Description of new shock‐induced phases in the Shergotty, Zagami, Nakhla and Chassigny meteorites

Abstract: — The Shergottite, Nakhlite and Chassignite (SNC) meteorites, Shergotty, Zagami, Nakhla and Chassigny, have been studied by analytical transmission electron microscopy. New phases, characteristic of strong shock conditions, have been discovered: calcium-rich majorites in Shergottty, wadsleyite with anomalously elevated iron content in Chassigny, and impact melts in Shergotty, Zagami and Nakhla. Cristobalites (α and β polymorphs) observed in Shergotty and Zagami may also be related to shock and are interpreted as back transformation products of post-stishovite silica polymorphs. Shocks corresponding to pressure and temperature conditions characteristic of the Earth's transition zone and lower mantle have occurred in those meteorites.
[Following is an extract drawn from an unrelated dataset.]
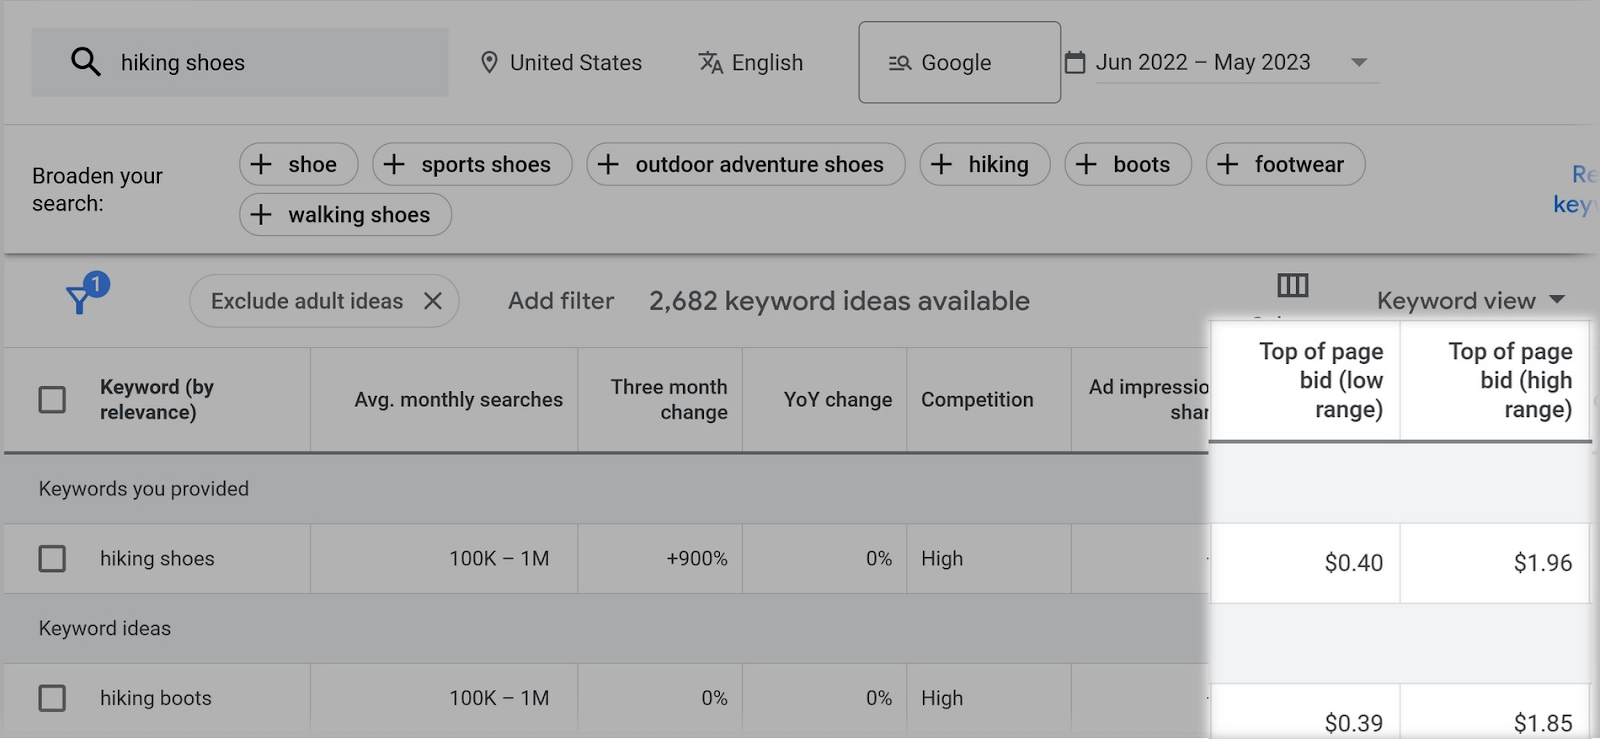 Google Keyword Planner shows two columns with top of page bid (low range and high range)
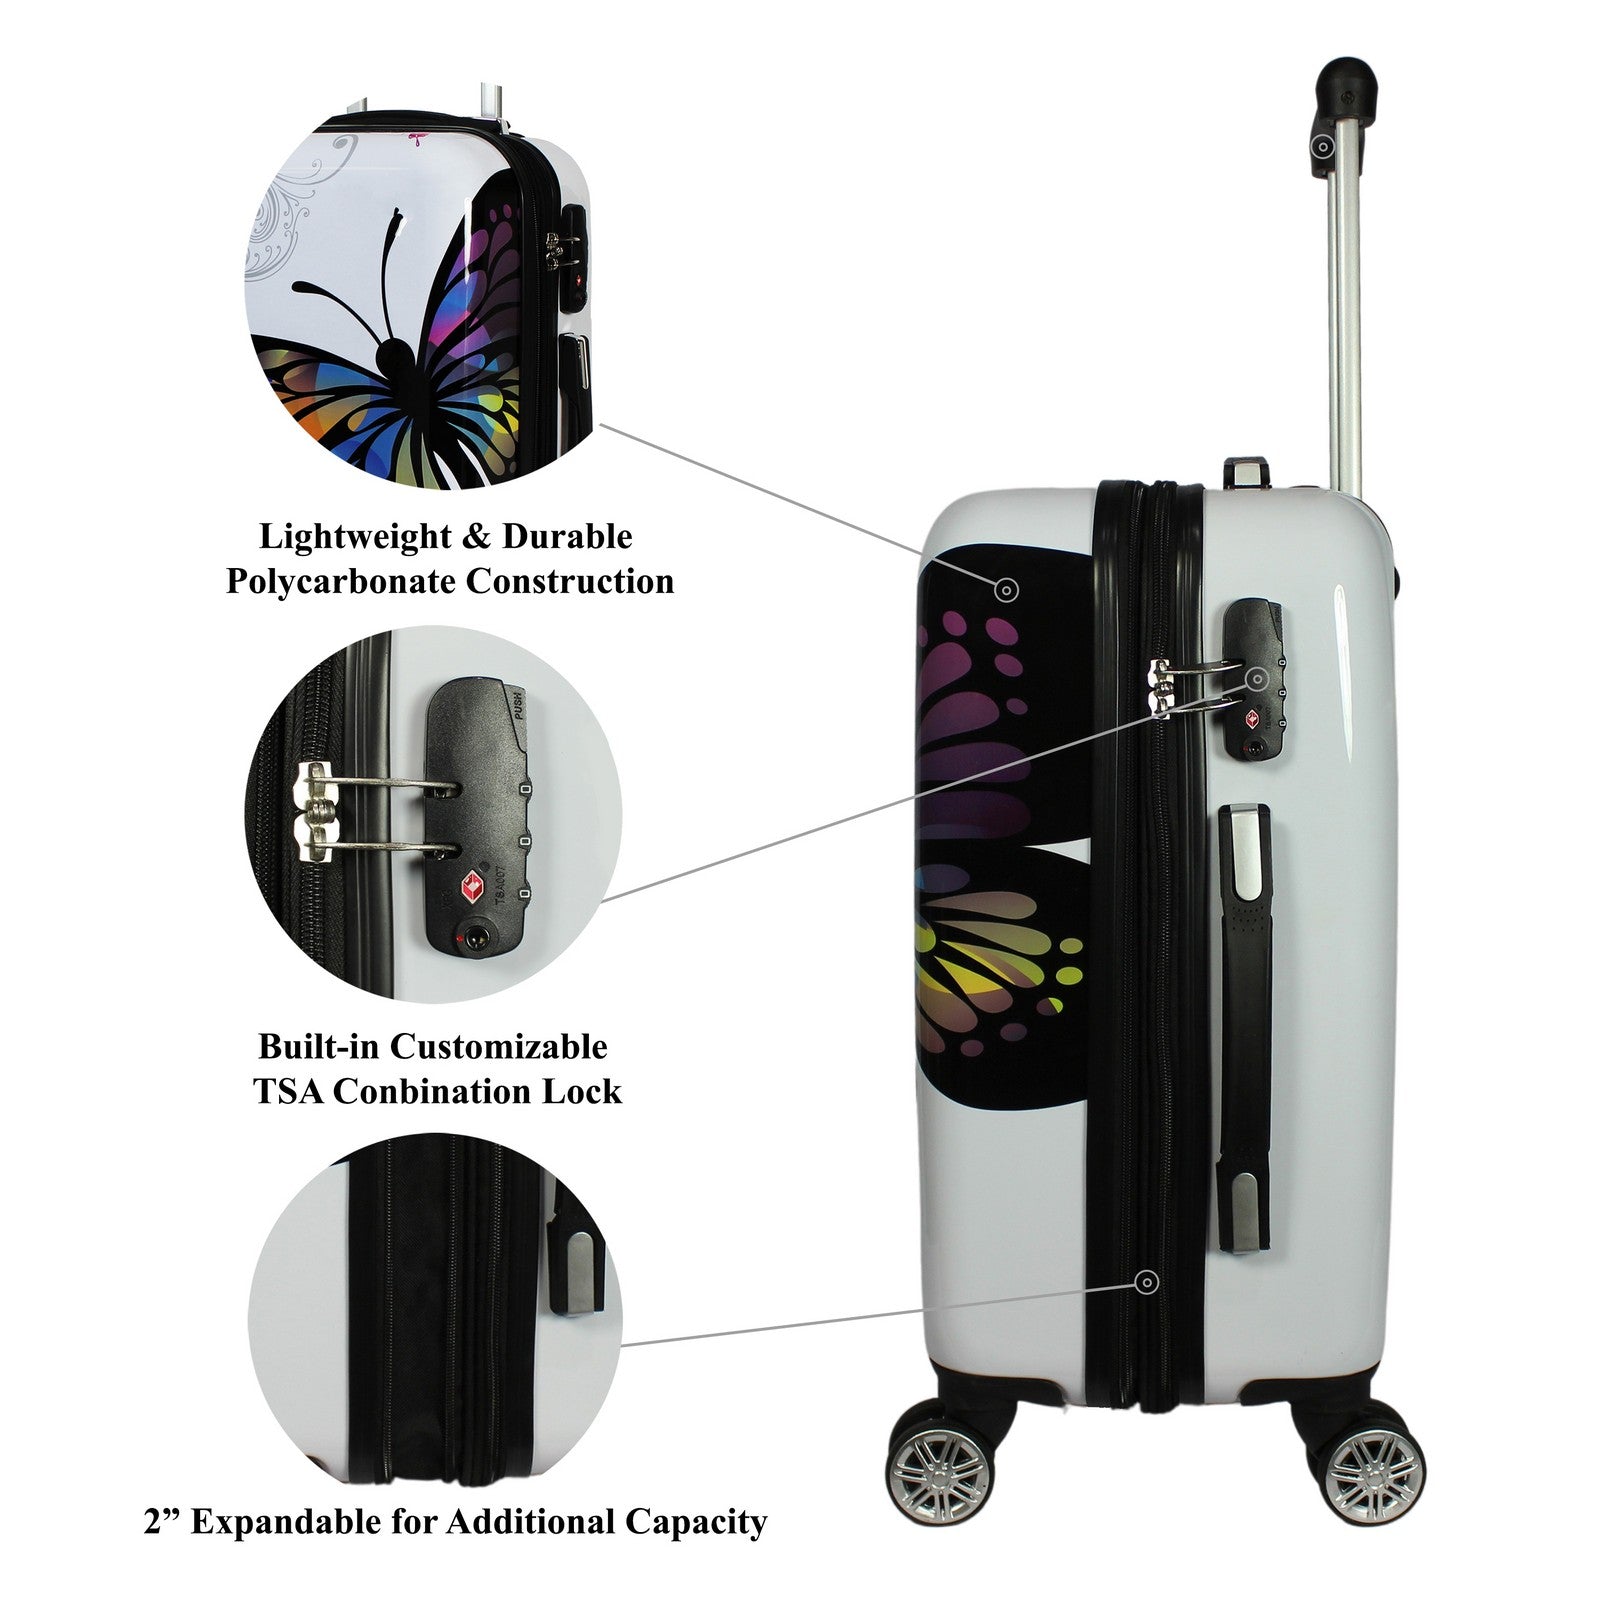 World Traveler Butterfly 28-Inch Hardside Expandable Spinner Luggage

Moreover, impact melts indicate high-temperature conditions in localized areas. On the other hand, no massive impact melting is observed in those meteorites, consistent with previous descriptions. These observations provide evidence of highly heterogeneous shock conditions at the scale of few micrometers in these meteorites. Strongly heterogeneous conditions such as those suggested by the present study may help to explain the preservation in martian meteorites of phases practically unaffected by shock being very close to strongly shock-metamorphized minerals.